Reproduce exactly only the lines from the line that holds "High quality portrait" to the line that holds "Mrs. Louise-Marie-Eléonore Poulet, daughter", inclusive, in the listing below, and please leave out every picture.

── Available data ──

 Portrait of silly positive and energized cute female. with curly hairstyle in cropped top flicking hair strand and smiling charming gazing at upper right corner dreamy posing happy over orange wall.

───
── Available data ──

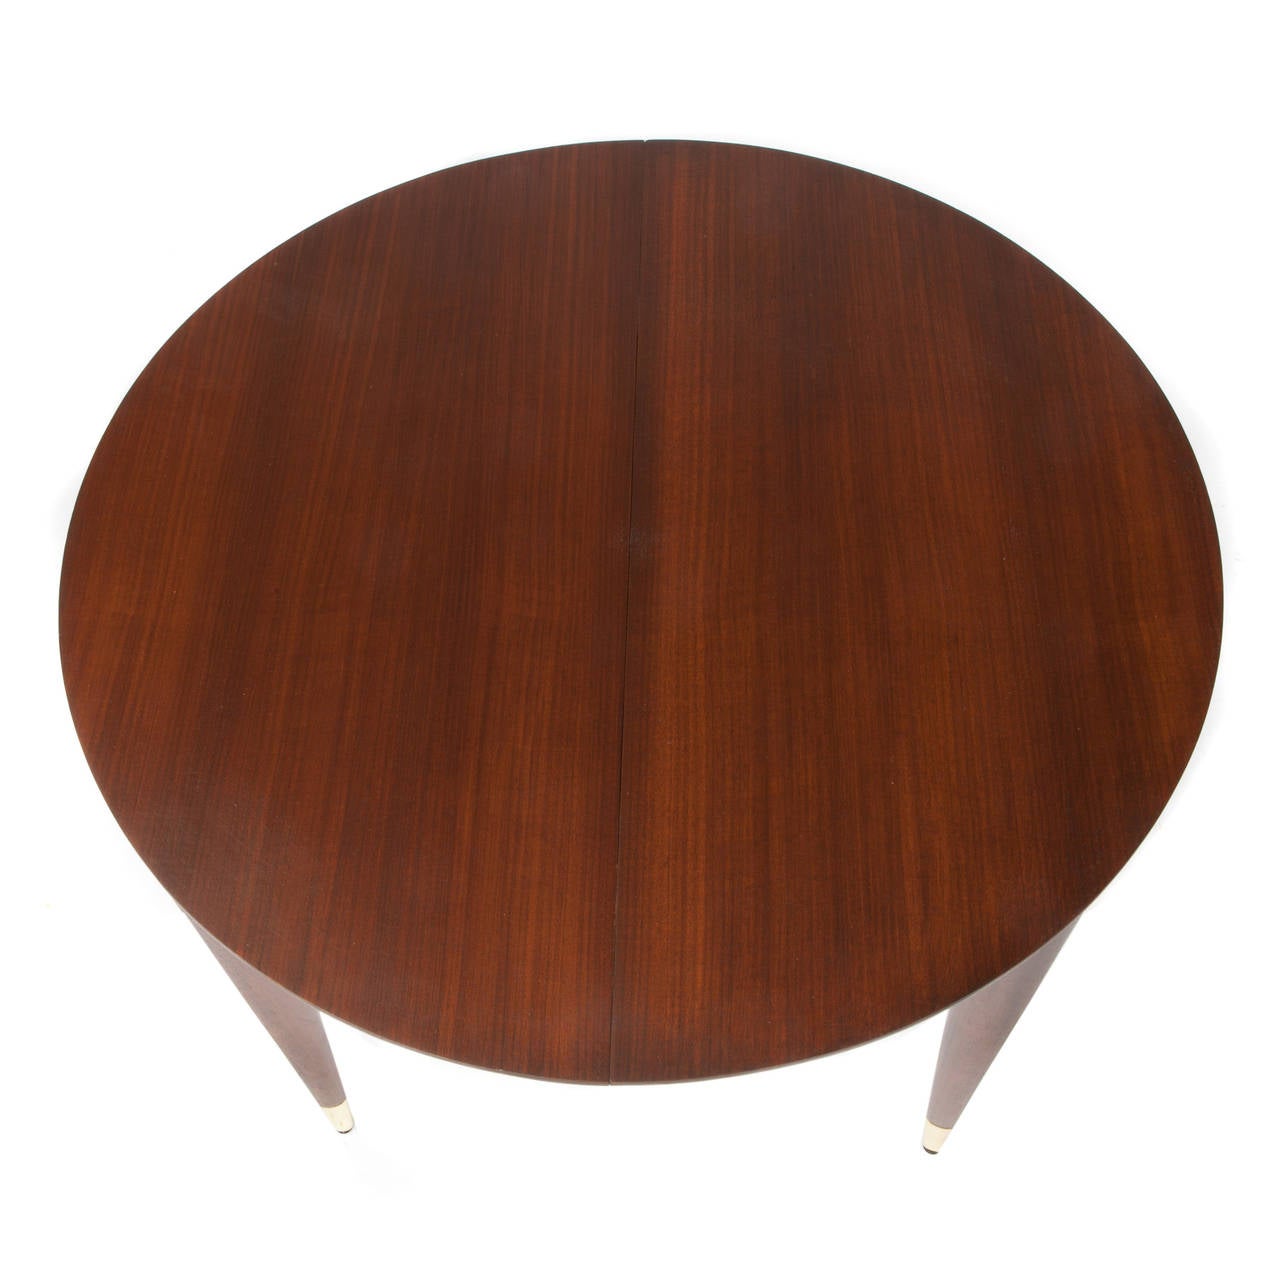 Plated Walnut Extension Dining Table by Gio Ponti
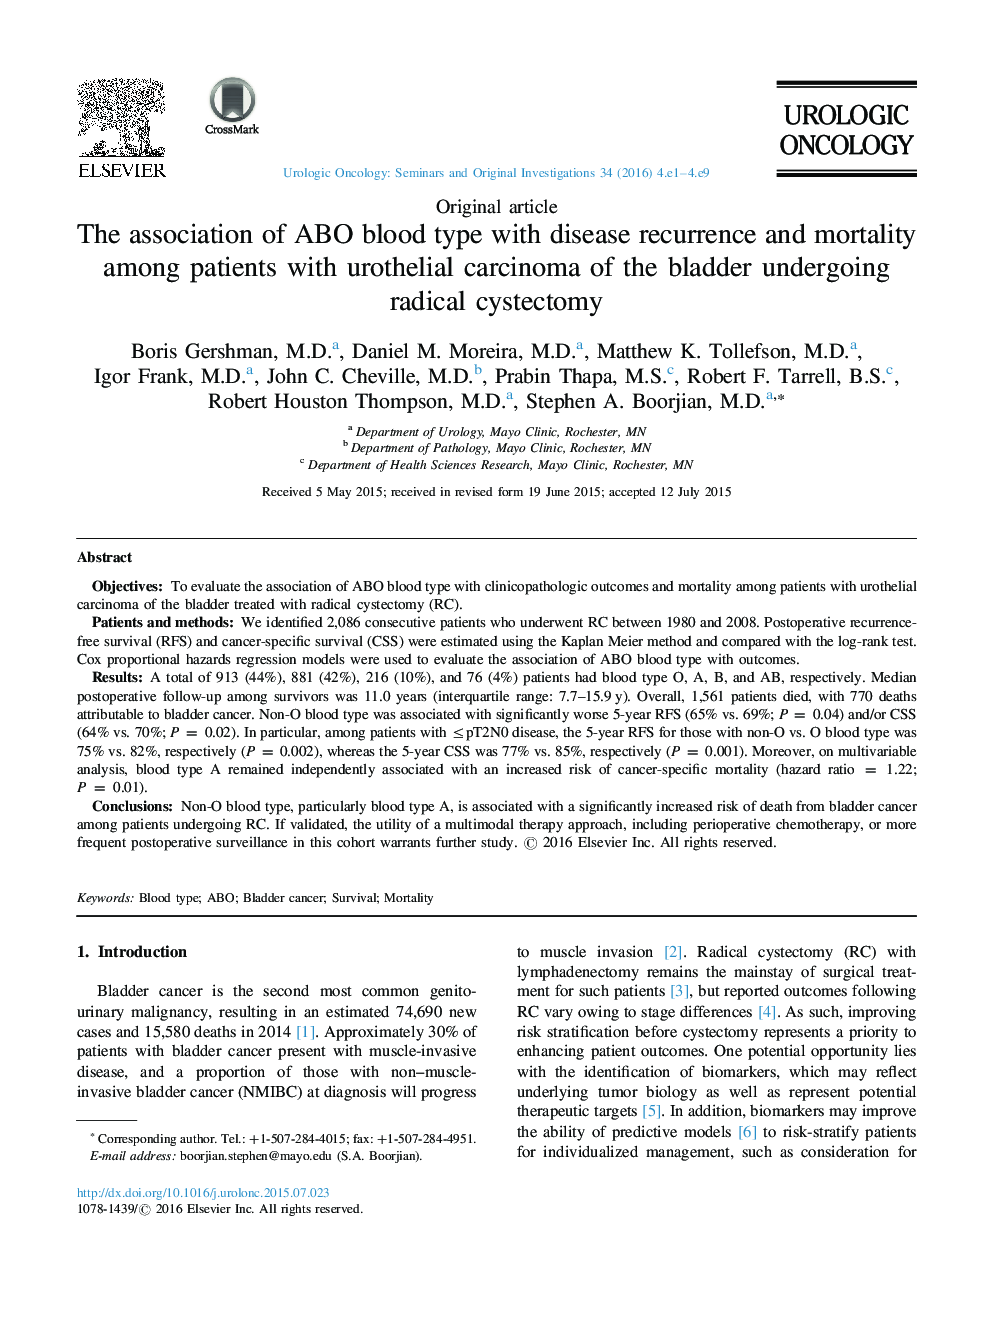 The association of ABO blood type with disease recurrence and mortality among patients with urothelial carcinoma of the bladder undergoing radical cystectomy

───
── Available data ──

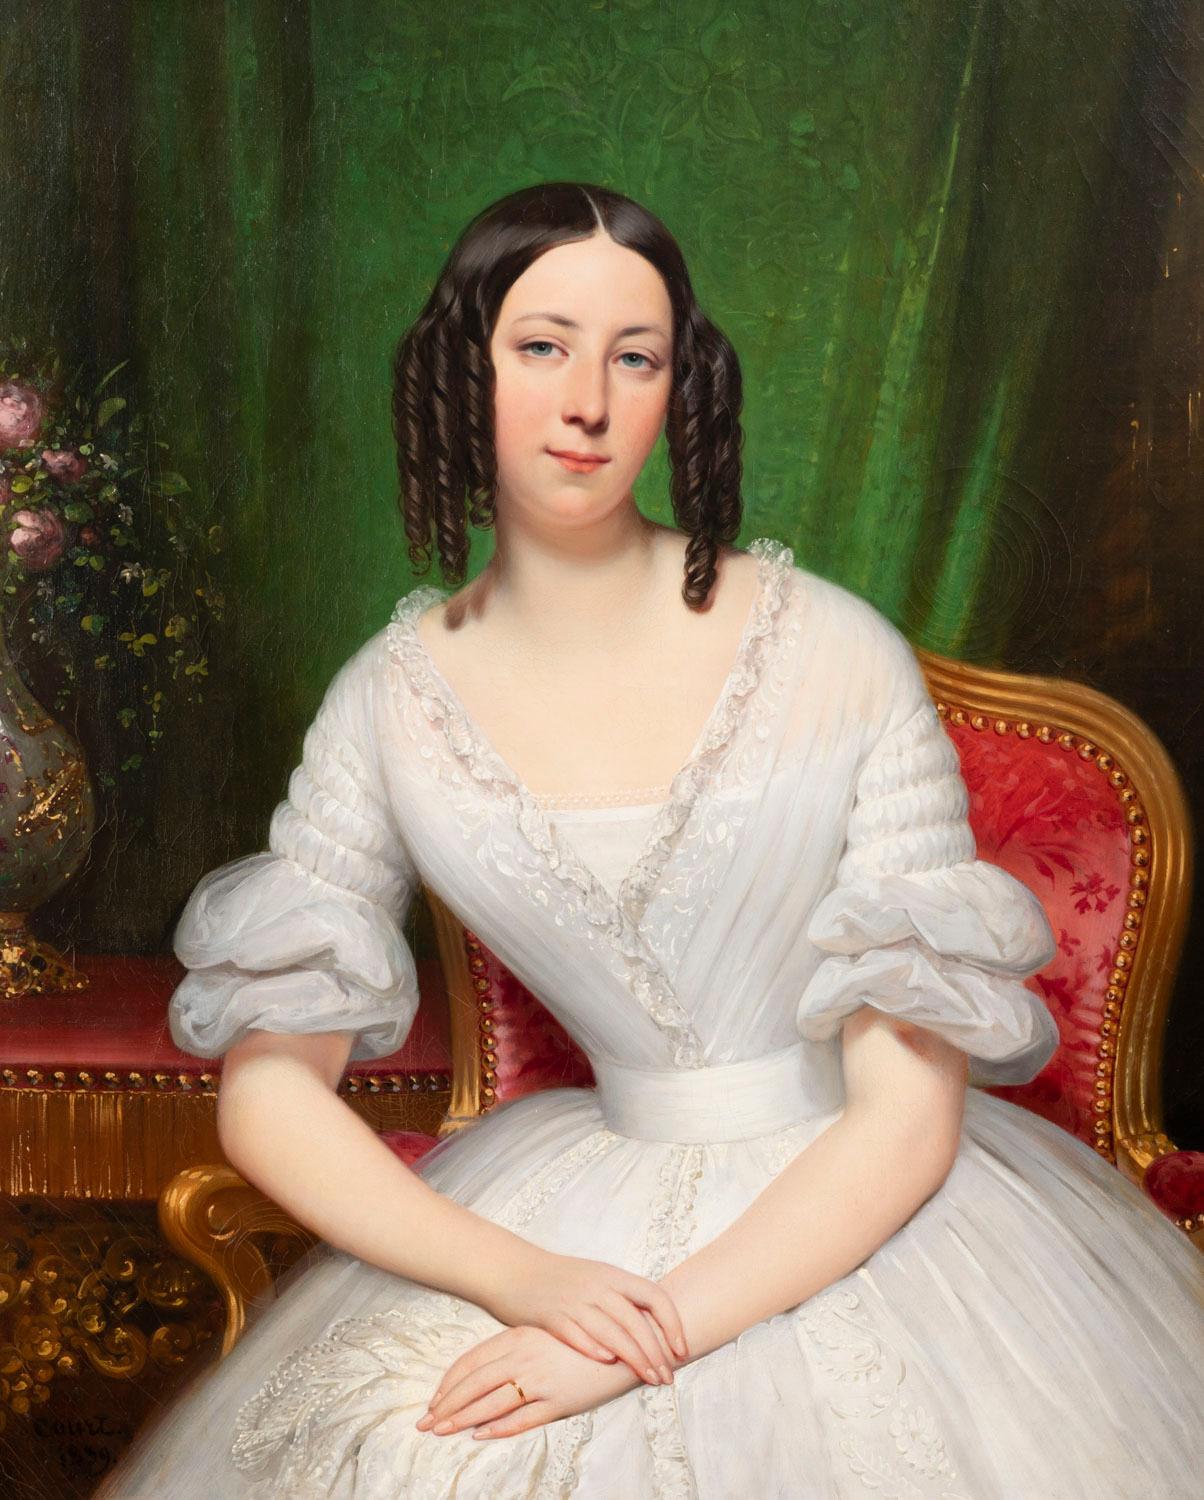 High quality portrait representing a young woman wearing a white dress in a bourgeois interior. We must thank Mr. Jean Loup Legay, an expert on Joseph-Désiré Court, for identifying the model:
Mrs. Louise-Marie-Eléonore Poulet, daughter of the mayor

───

● **Answer area**
 High quality portrait representing a young woman wearing a white dress in a bourgeois interior. We must thank Mr. Jean Loup Legay, an expert on Joseph-Désiré Court, for identifying the model:
Mrs. Louise-Marie-Eléonore Poulet, daughter of the mayor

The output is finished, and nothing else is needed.